Properties Estimation: For understanding of Surface Tension

2013.8.16

Lecture note of Dr. Hiroshi Yamamoto

Please refer to estimation method of surface tension

Surface Tension of liquids

Surface tension is a contractive tendency of the surface of a liquid that allows it to resist an external force.
The cohesive forces among liquid molecules are responsible for the phenomenon of surface tension. In the bulk of the liquid, each molecule is pulled equally in every direction by neighboring liquid molecules, resulting in a net force of zero. The molecules at the surface do not have other molecules on all sides of them and therefore are pulled inwards. This creates some internal pressure and forces liquid surfaces to contract to the minimal area.
(WikiPedia)

Can you sort these liquids according to surface tension at room temperature? (Carbon # 4 liquids)
Which index do you use to do that?

Hcode

Liquid

92

n-Butanol

255

Ehtyl ether

1060

n-Butylaldehyde

481

Methyl ethyl ketone

116

Butyronitrile

114

n-Butylic acid

328

Ethyl acetate

285

N,N-Dimethylacetoamide

260

Diethyl sulfide

91

1-Butanethiol

105

n-Butyl amine

252

Diethyl amine

81

1,3-Butadiene

1154

Decafluorobutane

152

1-Chlorobutane

3670

1-Bromobutane

We know that oil float on water. That is cause to lower density of oil than that of water. But we also know even aluminum metal float on water with the effect of Surface Tension. So we tend to think water-soluble liquids have high Surface Tension.

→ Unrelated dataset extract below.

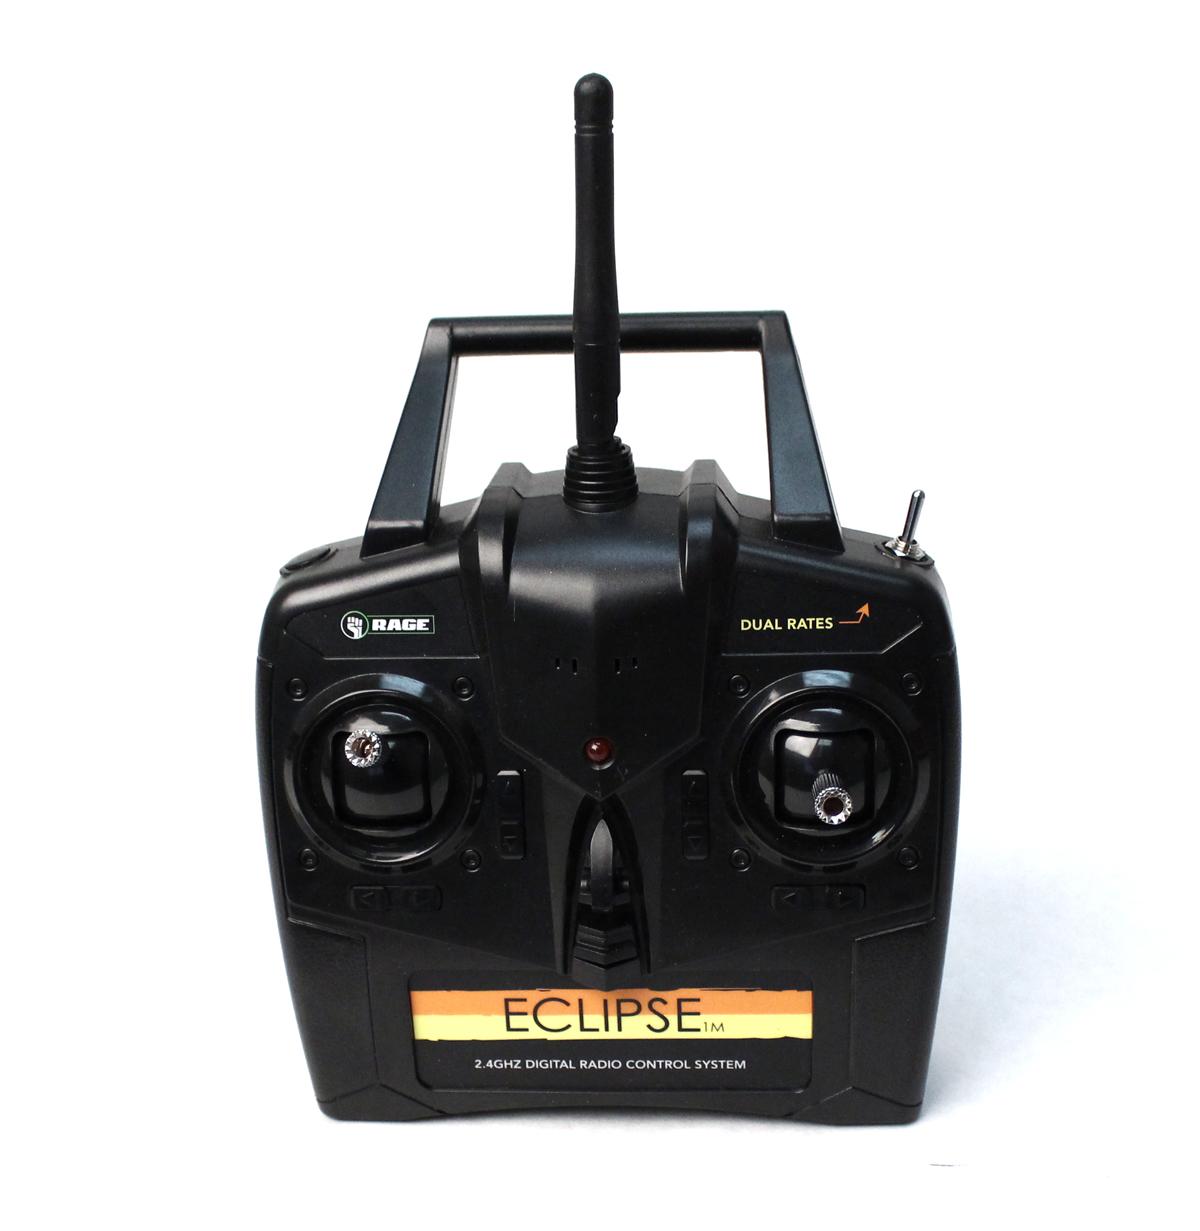 2.4Ghz 2-Channel Transmitter: Eclipse

But you can easily find out it is wrong if you plot Surface Tension to log Solubility to water.
You may use Dipole Moment or Dielectric Constant to assume Surface Tension.

 

It may work but not perfect.
There is no exact index, so we use very ambiguous word “Hydrophilic” and “Hydrophobic”. Hydrophilic compounds have high Surface tension and hydrophobic compounds have low Surface tension. Is that correct?
It seems OK if I plot temperature dependence of surface tension. Hydrophilic liquids such as Amide, Alcohol come to upper line and hydrophobic liquids such as Ether come to lower line. So it is not so bad idea, but problem is what the definition of that words.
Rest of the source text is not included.